+++ INFORMATION PROVIDED +++

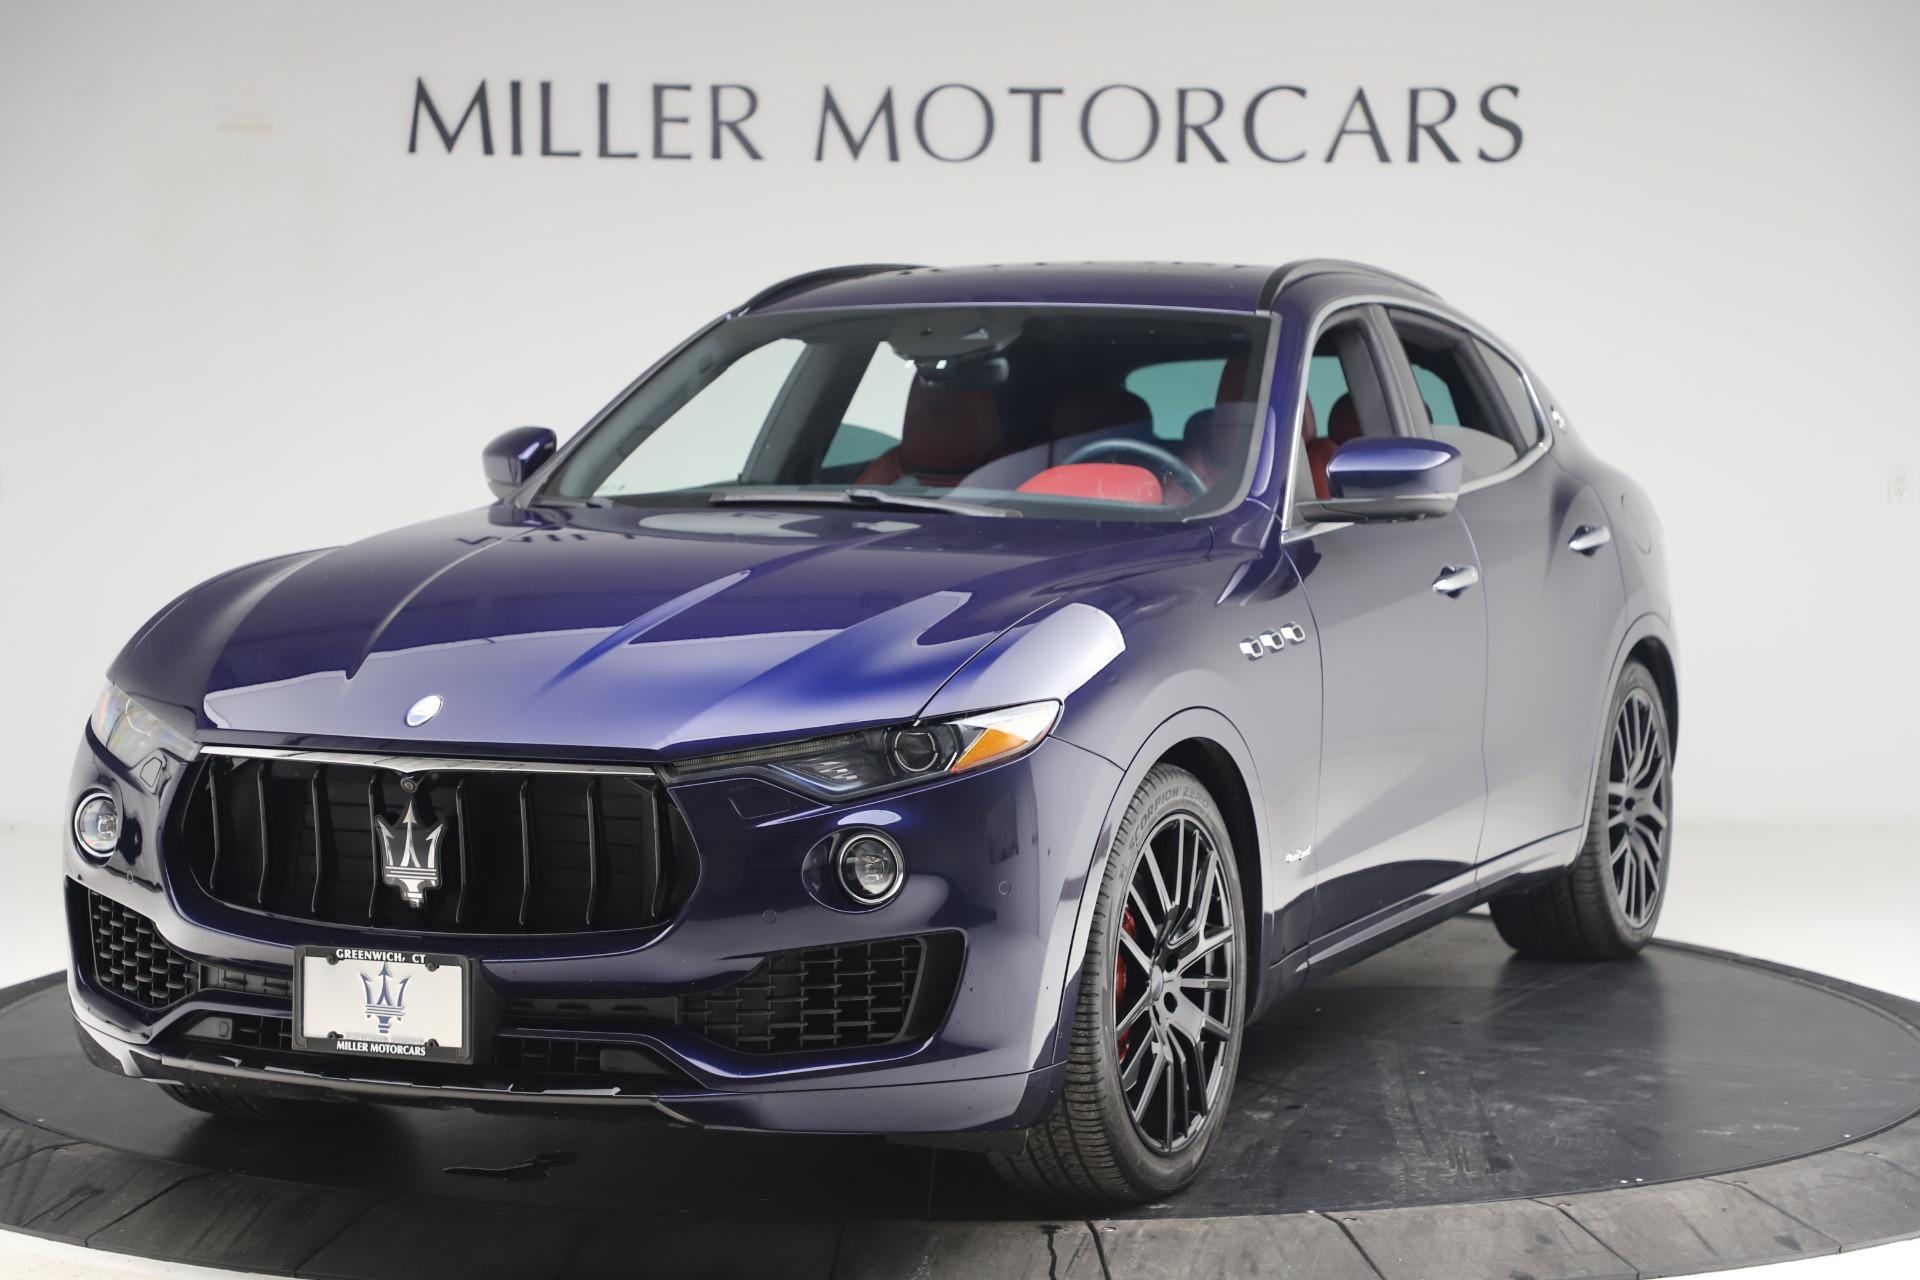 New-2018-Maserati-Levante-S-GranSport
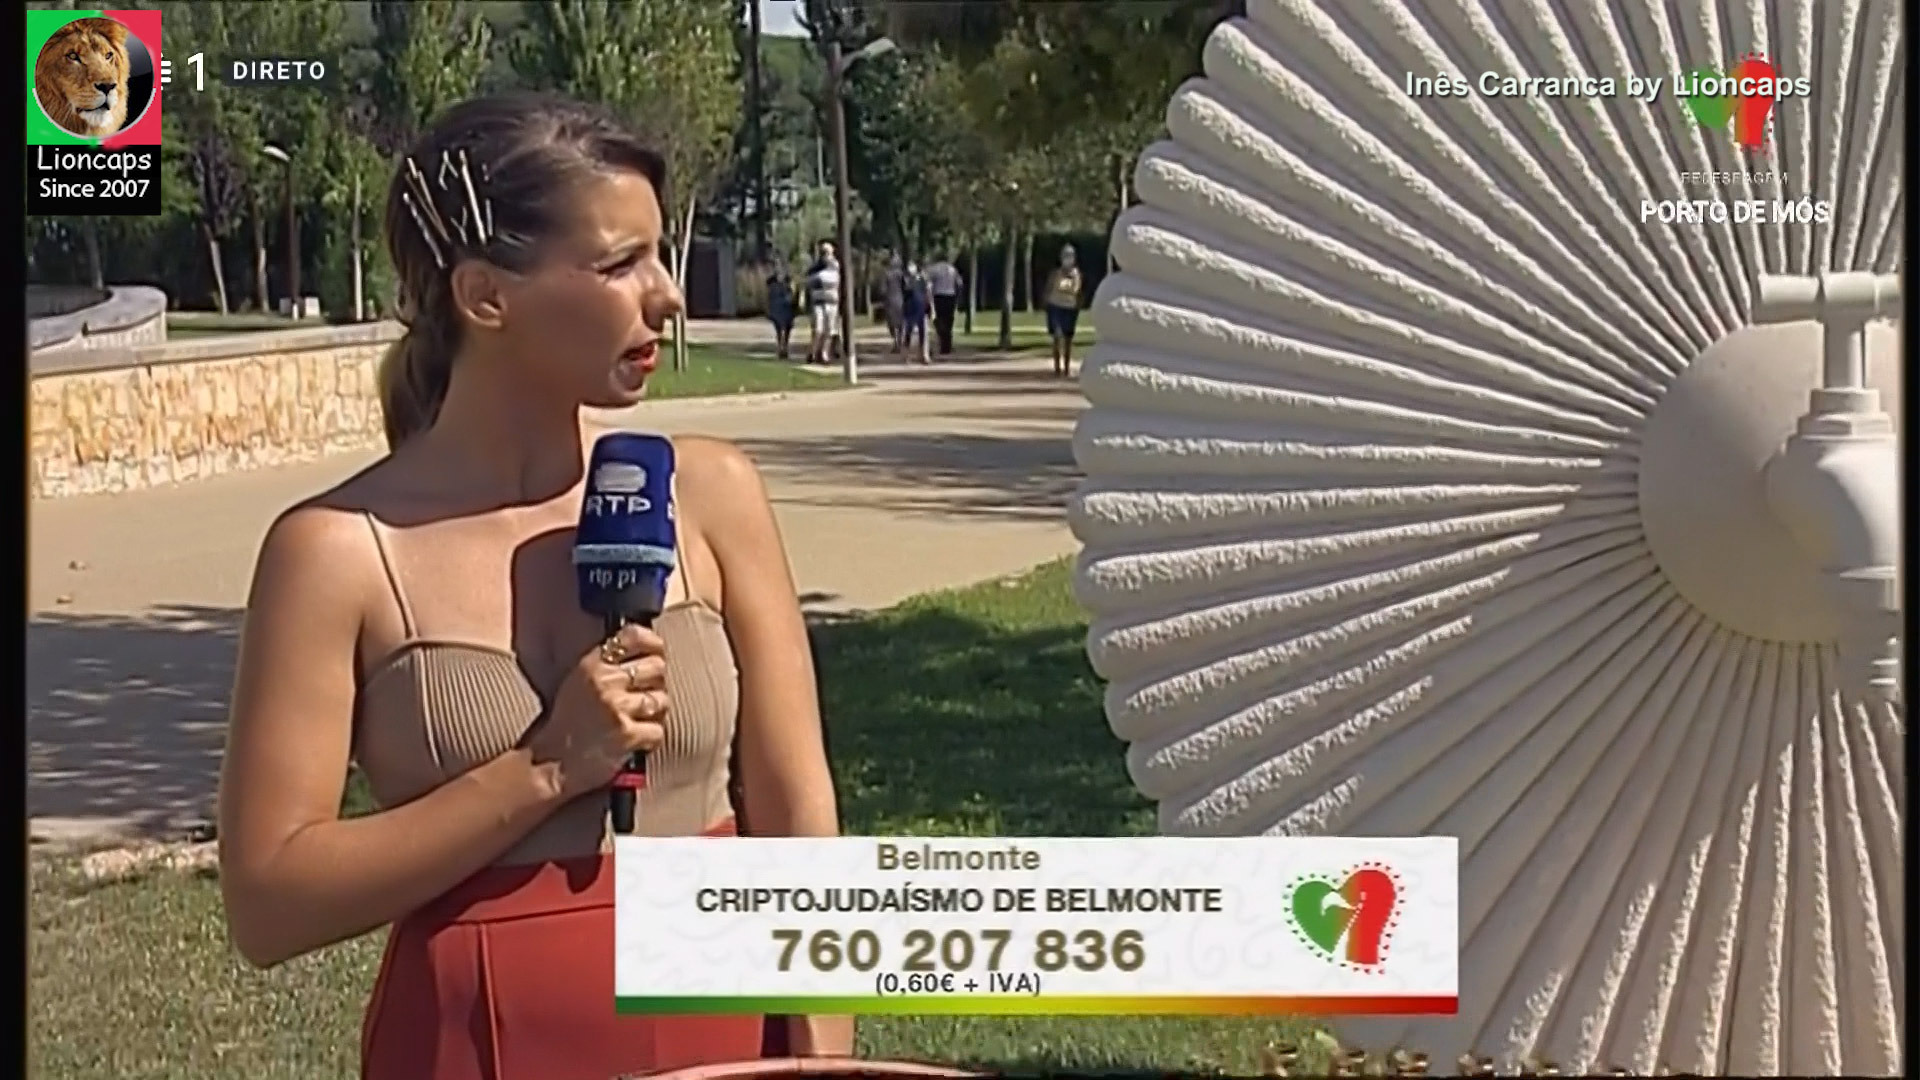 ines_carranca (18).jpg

+++
+++ INFORMATION PROVIDED +++

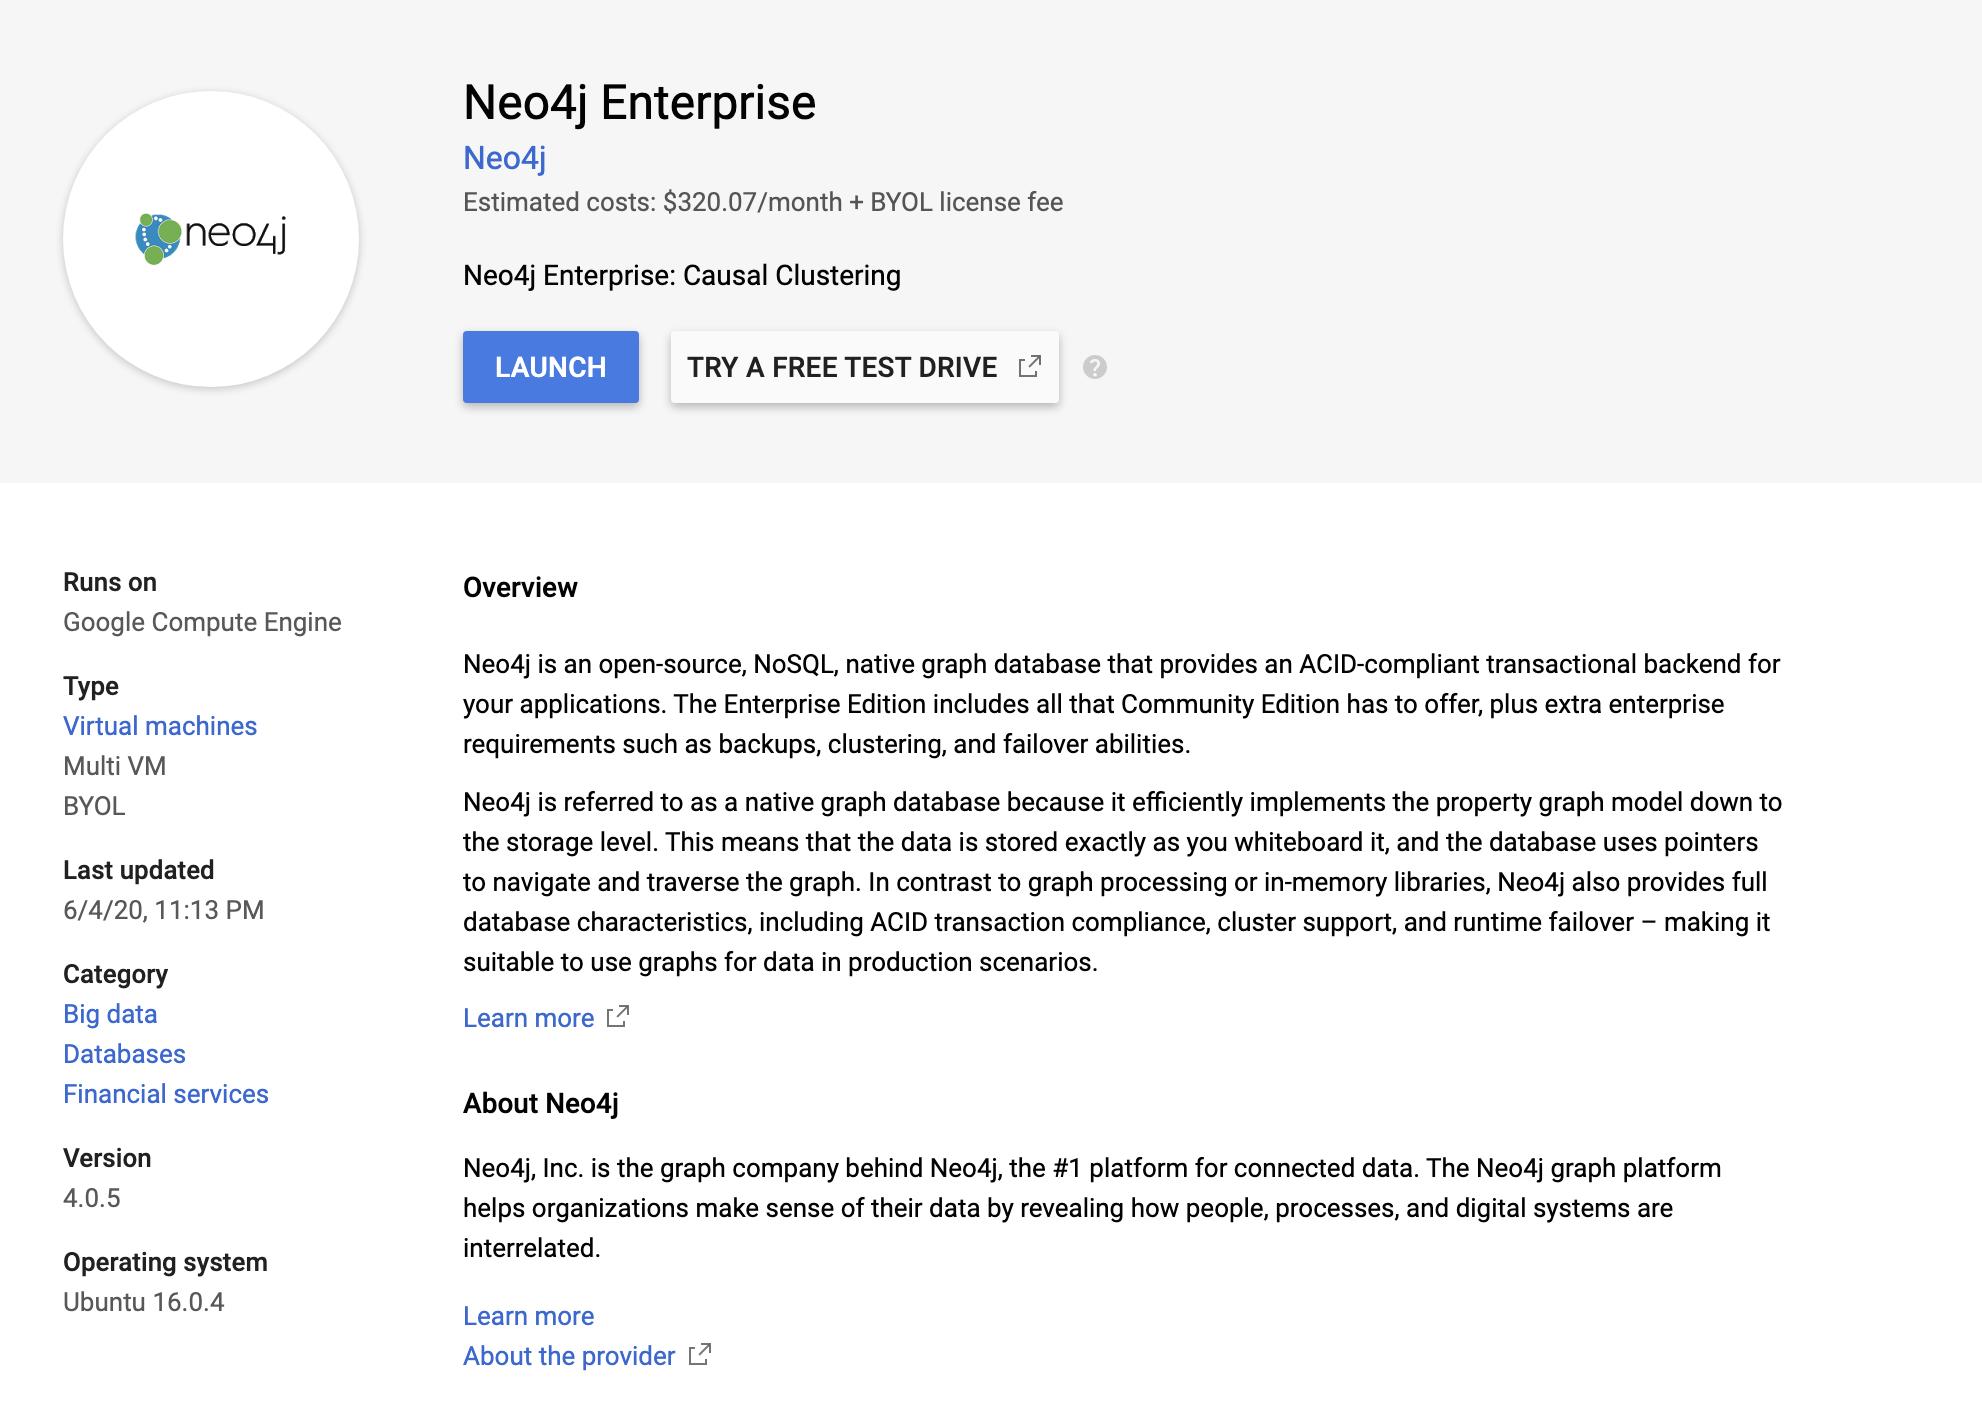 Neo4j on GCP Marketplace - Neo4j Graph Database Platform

+++

* **EXERCISE INSTRUCTIONS**: Taking the entries above, copy word for word the lines from the one with "New-2018-Maserati-Levante-S-GranSport" up to and including the one with "ines_carranca (18).jpg", without any picture.

* **ANSWER TO THIS EXERCISE**:
 New-2018-Maserati-Levante-S-GranSport
 ines_carranca (18).jpg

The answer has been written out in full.